Though the trial court did not address the “spot zoning” issue, the court of appeal did, finding that it was important enough to resolve the fully briefed, longstanding issue. Under the analysis in Foothill Communities, the court found that the SNAP amendment did create a zoning “island,” though it was unclear whether the zoning was less or more stringent than the surrounding parcels because of the specific requirements for the new subarea. Regardless, the question was whether the zoning decision creating the “island” was arbitrary, irrational or unreasonable. The court found that, under that standard, the spot zone was valid. Further, the City’s determination that the amendment was in the public interest was supported by substantial evidence, and the SNAP, as amended, remained compatible with the City’s general plan. The court rejected plaintiffs’ challenge to the City’s alleged motive in amending the SNAP, and plaintiffs’ questioning of whether the SNAP amendment represented good policy, as neither issue was appropriate for the court’s inquiry. The court also found that even if future projects proposed to use the new subarea, the City retained its power to determine whether each project is in the public interest. Lastly, the court rejected plaintiffs’ argument that the amendment to the SNAP was “incompatible” with it because the amendment would “alter” the SNAP.  The court found that the law unambiguously allows specific plan amendments.

Nathan O. George

The First Appellate District Applies Supreme Court’s Decision in Friends of the College of San Mateo Gardens v. San Mateo Community College District in Upholding Muni’s Approval of a Contract to Install Remaining 900 Feet of Light-Rail Line

On December 20, 2016, the First District Court of Appeal ordered published its decision in The Committee for Re-Evaluation of the T-Line Loop v. San Francisco Municipal Transportation Agency (2016)  6 Cal.App.5th 1237. The court upheld the San Francisco Municipal Transportation Agency’s (Muni’s) determination that a supplemental EIR was not required for the final “loop” of a light-rail project that Muni’s predecessor agency had approved and certified an EIR for in the late 1990s. In so holding, the court rejected the petitioners’ argument that the loop constituted was a “new” project under CEQA. The decision is the first to rely on the California Supreme Court’s recent opinion in Friends of the College of San Mateo Gardens v. San Mateo Community College District (2016) 1 Cal.5th 937 (San Mateo), which established that the deferential substantial evidence standard of review applies to an agency’s decision that a proposal is part of the same project reviewed in an earlier EIR, rather than a new project.

Background

In the 1990s, Muni’s predecessor agency proposed to connect the southeastern part of San Francisco to the rest of the city via the Third Street Light Rail Project, which would link the Visitacion Valley/Little Hollywood and Bayview Hunters Point neighborhoods with Chinatown, Downtown, and South of Market. As relevant to the case, “Segment 4” of the project’s initial operating segment runs along Third Street from Kirkwood Avenue north to 16th Street, and includes a short-turn “Loop” from Third Street following 18th, Illinois, and 19th Streets. This Loop would allow the extension of an existing line to serve Mission Bay and provide an area for two-car trains to lay over. The San Francisco Planning Commission certified a Final EIR for the project in 1998.
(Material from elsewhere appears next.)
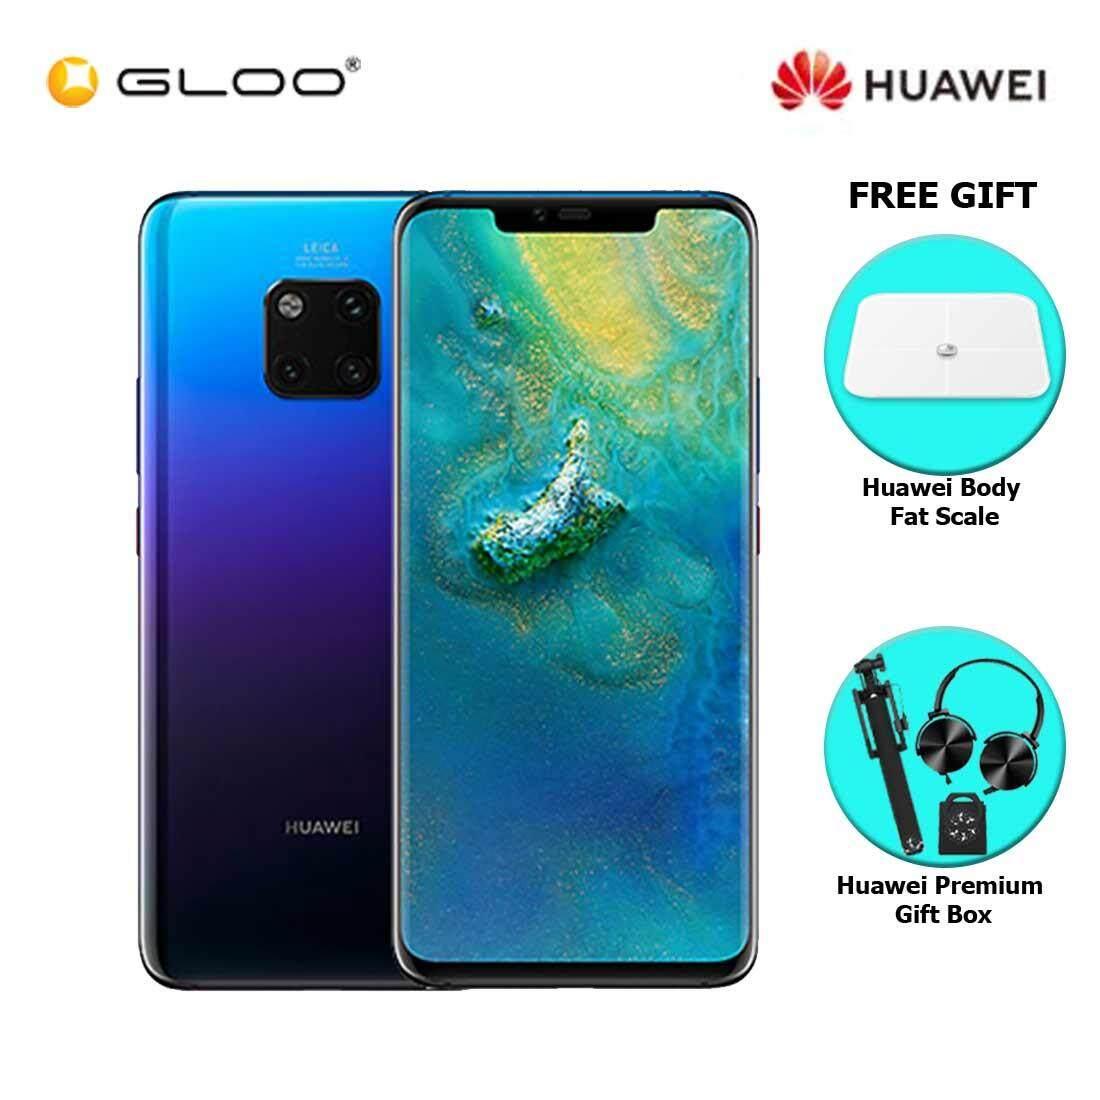 Huawei Mate 20 Pro 6GB+128GB Twilight + FREE Huawei Body Fat Scale 6901443198375,Premium Gift Box (Headset/Selfie Stick/iRing)

By 2003, construction of the project’s initial operating segment was completed, including the Segment 4 along Third Street and much of the Loop. Due to budget constraints, however, the Loop was not fully completed.

In 2013, FTA awarded Muni a grant to fund completion of the Loop. In connection with applying for the grant, in 2012 Muni prepared a memorandum to the San Francisco Planning Department, seeking the department’s concurrence that, under Public Resources Code section 21166, and its implementing CEQA Guidelines sections 15162 and 15163, a supplemental or subsequent EIR was not required for the Loop to be completed. In the memorandum, Muni stated that the environmental impacts of the Loop had been analyzed in the certified Final EIR; there had been no changes to the Loop’s design since the Final EIR was certified; part of the Loop had been built; and, although there were new developments near the Loop, the Final EIR’s analysis assumed those developments would be built. The Planning Department responded that it agreed with Muni that no further environmental evaluation was required.

The project design for the Loop was then finalized. In August 2014, Muni prepared another memorandum to the Planning Department about the Loop, noting that it had been two years since the department had concluded that no further environmental review was required, and since then, the City had approved the stadium for the Golden State Warriors basketball team on the northeast corner of 3rd and 16th Street. The memorandum explained that the arena would likely increase demand for transit, and that the Loop would help meet this demand, and also allow light-rail vehicles to be stored near the arena for quick response to post-event surges in transit demand. The Planning Department responded that it agreed that no further environmental review was required.

In September 2014, the Muni Board of Directors adopted a resolution authorizing the execution of a construction contract for the Loop. The resolution explained that the Loop had been analyzed in the Final EIR certified by the City in 1998 and that the Planning Department had determined that no further environmental review was required.

The petitioners filed a petition for writ of mandate alleging Muni violated CEQA in approving the Loop without first preparing a new EIR. The trial court denied the petition and the petitioners appealed.

The Court of Appeal’s Decision

Under CEQA, an agency must prepare an EIR in the first instance if there is substantial evidence supporting a fair argument that a proposed project may have a significant effect on the environment. This “fair argument” standard creates a low threshold for requiring an EIR. In contrast, once an EIR has been certified for a project, CEQA prohibits an agency from requiring further EIRs, unless: (a) substantial changes are proposed in the project which will require major revisions in the EIR; (b) substantial changes with respect to the circumstances under which the project is being undertaken will require major revisions in the EIR; or (c) new information, which was not known and could not have been known at the time the EIR was certified, becomes available. (Pub. Resources Code, § 21166.)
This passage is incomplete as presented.